» **EXERCISE OBJECTIVE**: Nothing outside the range is wanted. Repeat exactly the lines below from the one with "7 oz. Crossover" through the one with "Rugslane Brown Color".

┏━━

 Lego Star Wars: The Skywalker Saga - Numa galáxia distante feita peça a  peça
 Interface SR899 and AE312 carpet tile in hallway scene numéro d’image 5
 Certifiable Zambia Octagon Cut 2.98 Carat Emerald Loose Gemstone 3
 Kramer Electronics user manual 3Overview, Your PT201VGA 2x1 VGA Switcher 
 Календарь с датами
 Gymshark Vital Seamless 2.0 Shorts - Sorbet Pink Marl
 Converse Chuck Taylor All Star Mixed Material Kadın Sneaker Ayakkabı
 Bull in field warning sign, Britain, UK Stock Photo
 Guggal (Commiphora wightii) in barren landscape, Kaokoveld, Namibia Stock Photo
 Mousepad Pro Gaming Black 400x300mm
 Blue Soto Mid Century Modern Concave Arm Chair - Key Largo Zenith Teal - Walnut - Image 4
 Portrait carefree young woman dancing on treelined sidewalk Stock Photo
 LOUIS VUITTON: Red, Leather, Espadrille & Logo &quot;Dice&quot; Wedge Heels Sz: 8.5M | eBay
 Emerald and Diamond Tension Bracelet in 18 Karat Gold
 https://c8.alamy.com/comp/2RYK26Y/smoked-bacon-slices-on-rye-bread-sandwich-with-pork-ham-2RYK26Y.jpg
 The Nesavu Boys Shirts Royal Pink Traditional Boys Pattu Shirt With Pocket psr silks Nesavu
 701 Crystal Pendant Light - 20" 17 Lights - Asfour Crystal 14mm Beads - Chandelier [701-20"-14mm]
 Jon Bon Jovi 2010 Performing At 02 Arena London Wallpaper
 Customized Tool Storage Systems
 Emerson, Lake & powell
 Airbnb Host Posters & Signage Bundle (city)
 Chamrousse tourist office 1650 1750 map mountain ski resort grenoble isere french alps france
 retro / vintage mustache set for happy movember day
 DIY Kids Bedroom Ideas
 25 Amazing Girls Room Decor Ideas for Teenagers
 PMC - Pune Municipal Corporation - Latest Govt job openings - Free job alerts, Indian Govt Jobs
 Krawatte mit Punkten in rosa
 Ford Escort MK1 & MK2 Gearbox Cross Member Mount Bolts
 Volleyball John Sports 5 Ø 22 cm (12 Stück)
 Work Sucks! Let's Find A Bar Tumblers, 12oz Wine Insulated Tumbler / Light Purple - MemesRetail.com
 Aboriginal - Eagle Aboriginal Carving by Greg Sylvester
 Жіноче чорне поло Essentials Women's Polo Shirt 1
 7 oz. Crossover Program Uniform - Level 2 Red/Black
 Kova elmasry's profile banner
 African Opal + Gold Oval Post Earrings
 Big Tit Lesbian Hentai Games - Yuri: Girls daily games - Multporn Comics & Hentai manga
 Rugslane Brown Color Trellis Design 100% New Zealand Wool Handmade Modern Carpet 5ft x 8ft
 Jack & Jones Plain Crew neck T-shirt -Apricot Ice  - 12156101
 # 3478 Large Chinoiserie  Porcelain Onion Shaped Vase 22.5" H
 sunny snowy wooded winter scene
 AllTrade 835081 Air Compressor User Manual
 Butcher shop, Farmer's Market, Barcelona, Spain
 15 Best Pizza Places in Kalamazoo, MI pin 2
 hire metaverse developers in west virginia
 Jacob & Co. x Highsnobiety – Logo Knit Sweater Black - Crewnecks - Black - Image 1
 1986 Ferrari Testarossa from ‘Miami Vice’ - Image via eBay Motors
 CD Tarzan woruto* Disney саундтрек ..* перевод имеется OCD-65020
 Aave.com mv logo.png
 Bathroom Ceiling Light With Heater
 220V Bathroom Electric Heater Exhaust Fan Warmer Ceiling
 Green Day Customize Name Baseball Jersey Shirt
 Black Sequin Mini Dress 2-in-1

┗━━

» **TASK RESPONSE**:
 7 oz. Crossover Program Uniform - Level 2 Red/Black
 Kova elmasry's profile banner
 African Opal + Gold Oval Post Earrings
 Big Tit Lesbian Hentai Games - Yuri: Girls daily games - Multporn Comics & Hentai manga
 Rugslane Brown Color Trellis Design 100% New Zealand Wool Handmade Modern Carpet 5ft x 8ft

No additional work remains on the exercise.